■ Task brief ■
Any picture in the listing is left out of the copy; all else is duplicated exactly.

■ Information shown ■
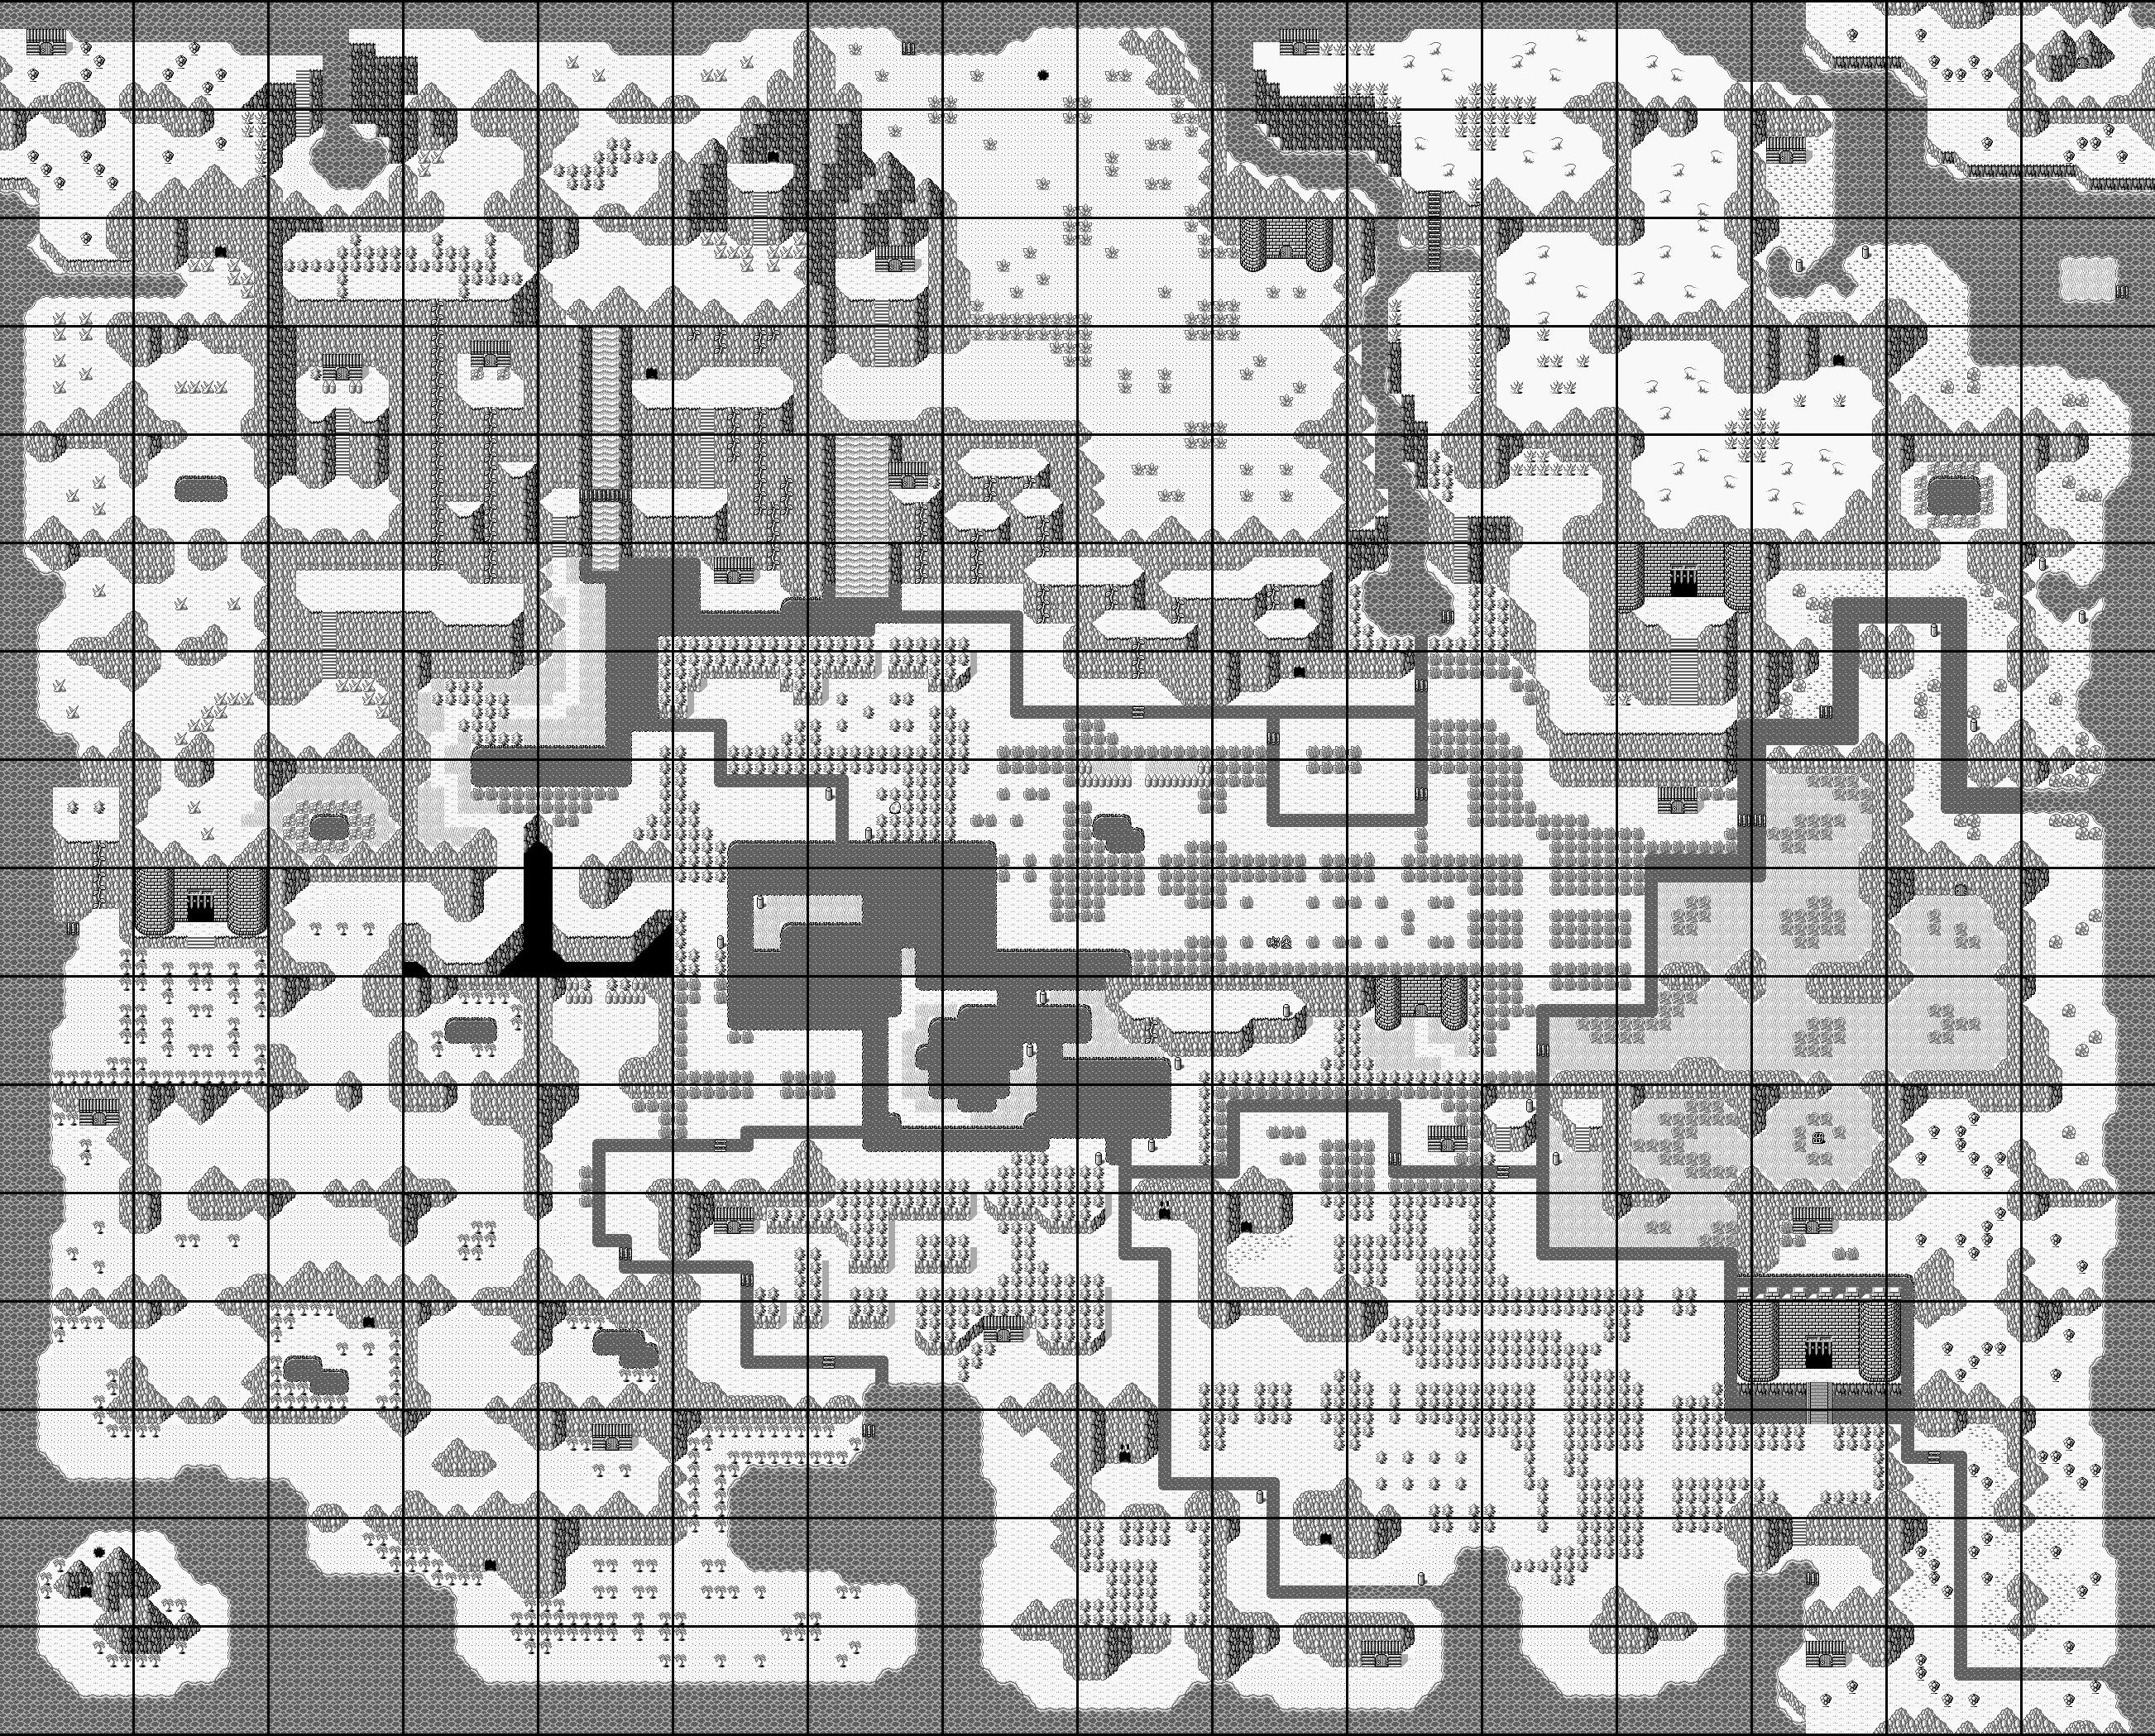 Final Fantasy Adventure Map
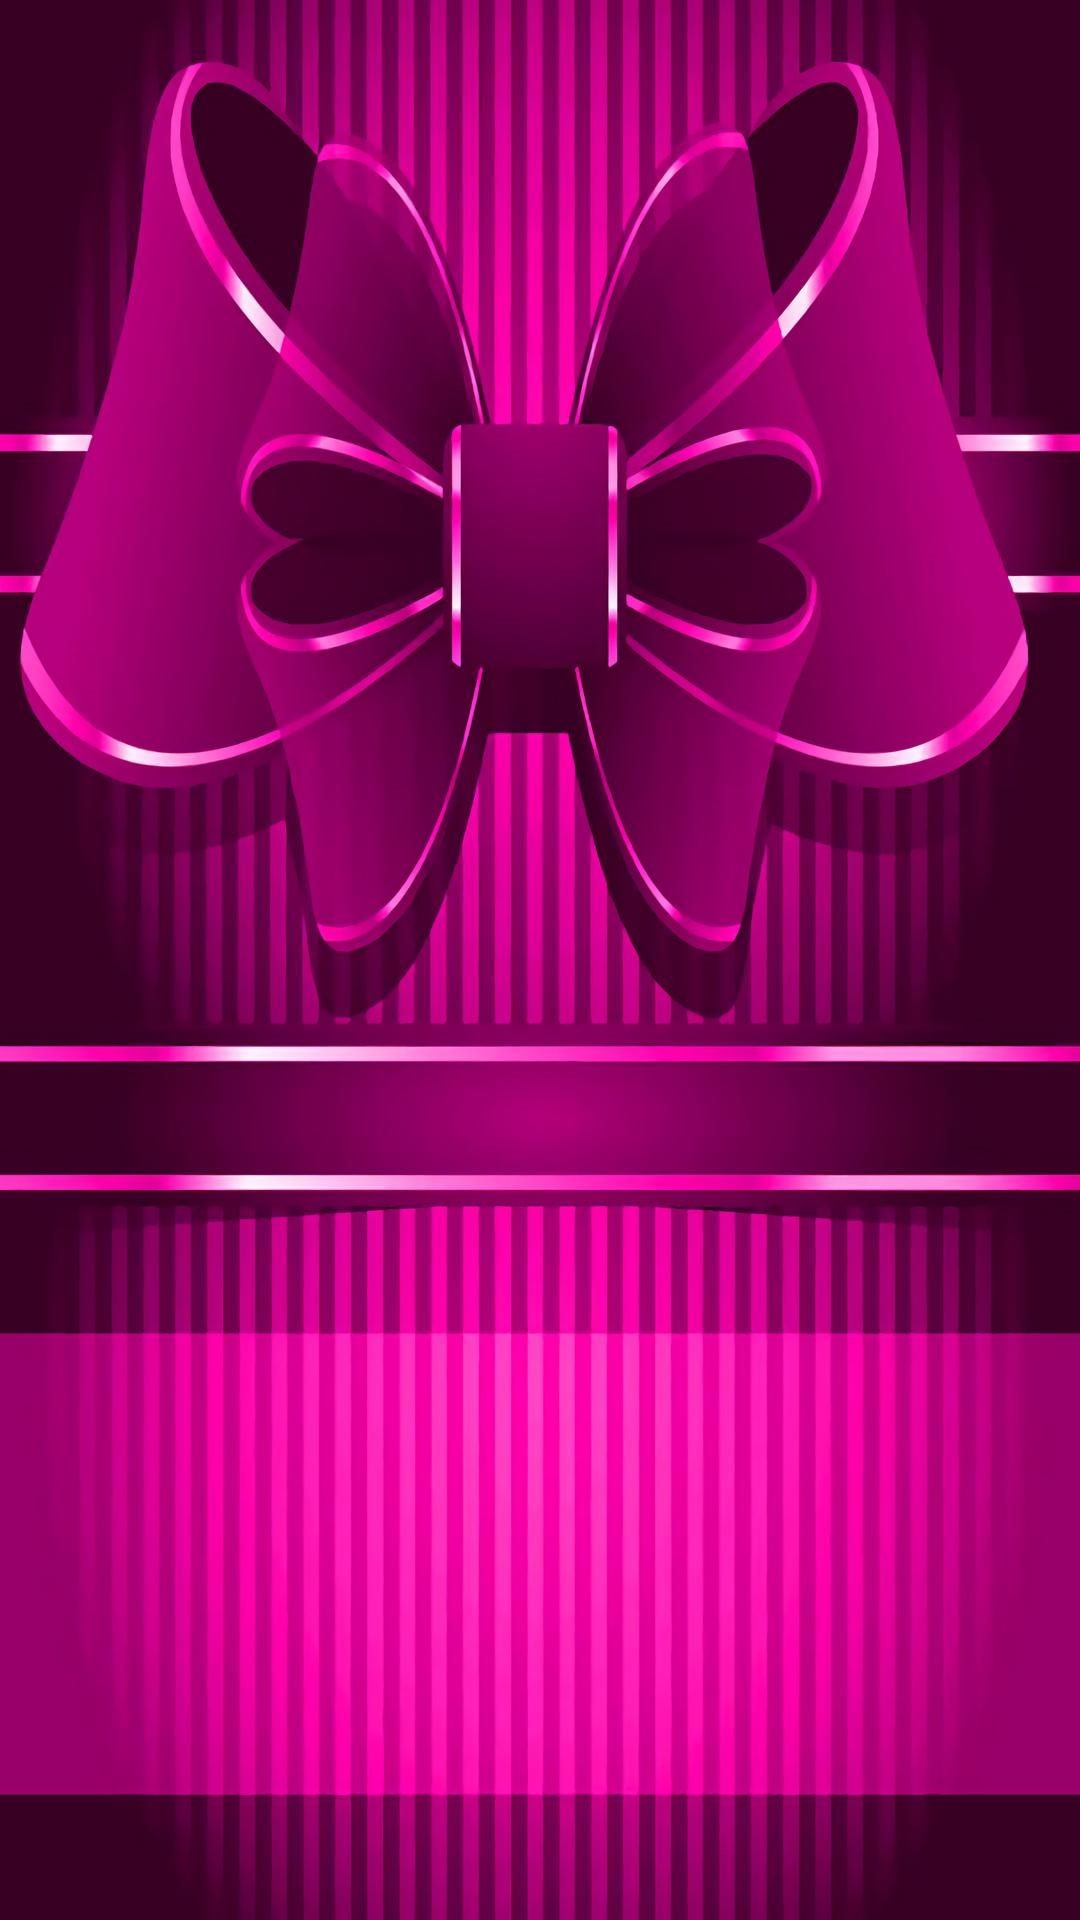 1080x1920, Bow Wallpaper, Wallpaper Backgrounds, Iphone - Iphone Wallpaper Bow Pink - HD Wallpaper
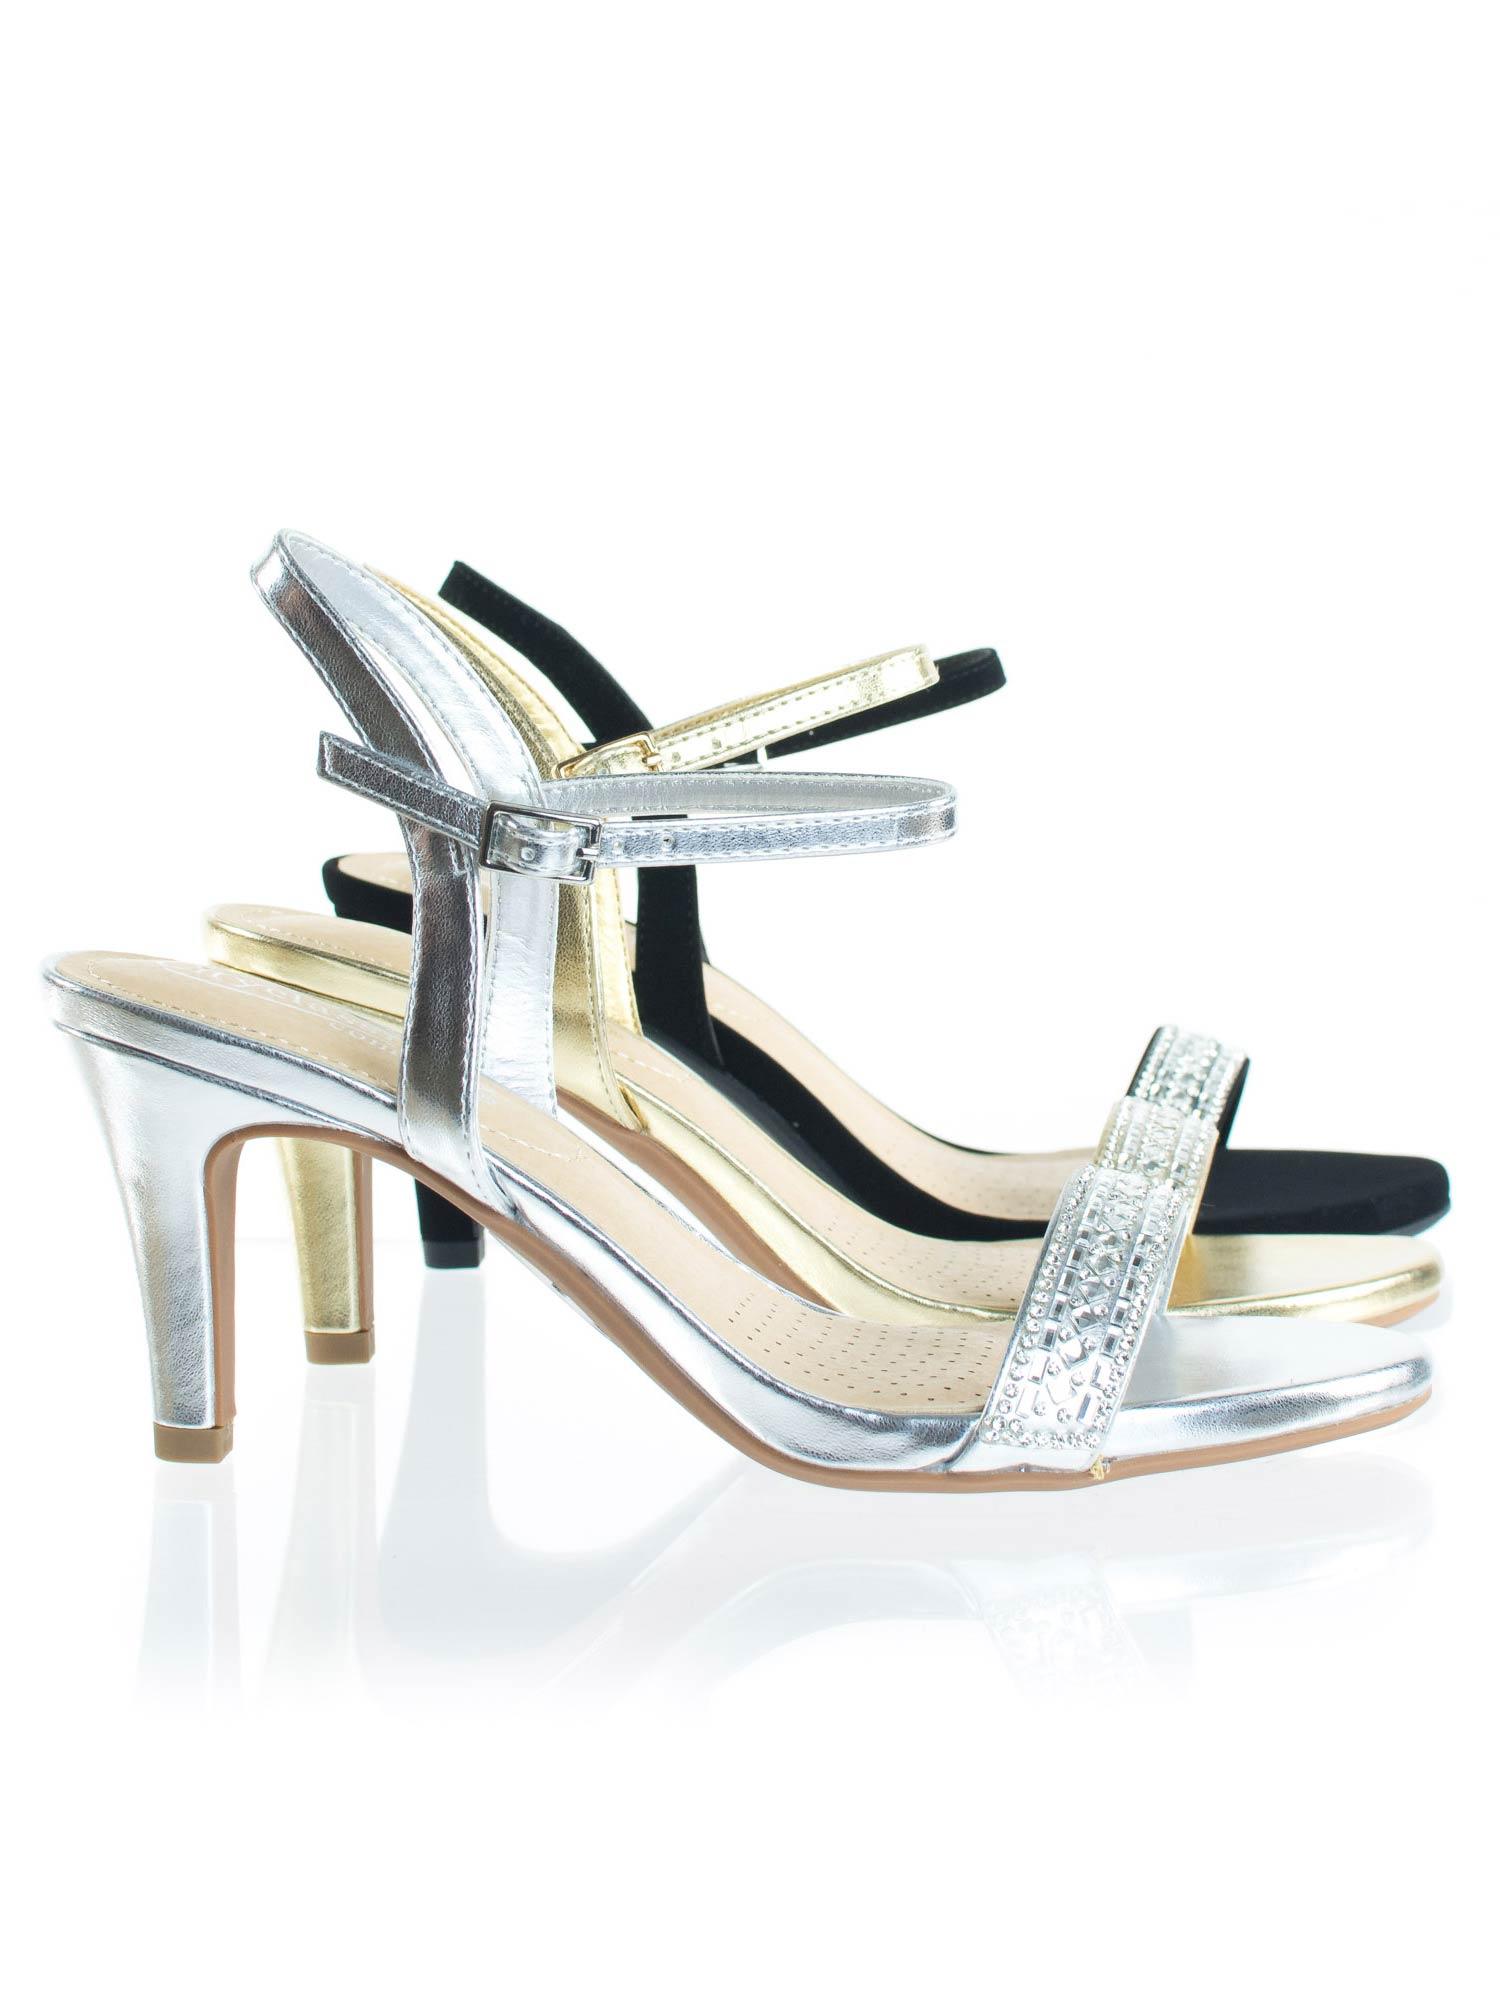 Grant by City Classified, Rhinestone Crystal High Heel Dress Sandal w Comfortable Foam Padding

■ Your response ■
 Final Fantasy Adventure Map
 1080x1920, Bow Wallpaper, Wallpaper Backgrounds, Iphone - Iphone Wallpaper Bow Pink - HD Wallpaper
 Grant by City Classified, Rhinestone Crystal High Heel Dress Sandal w Comfortable Foam Padding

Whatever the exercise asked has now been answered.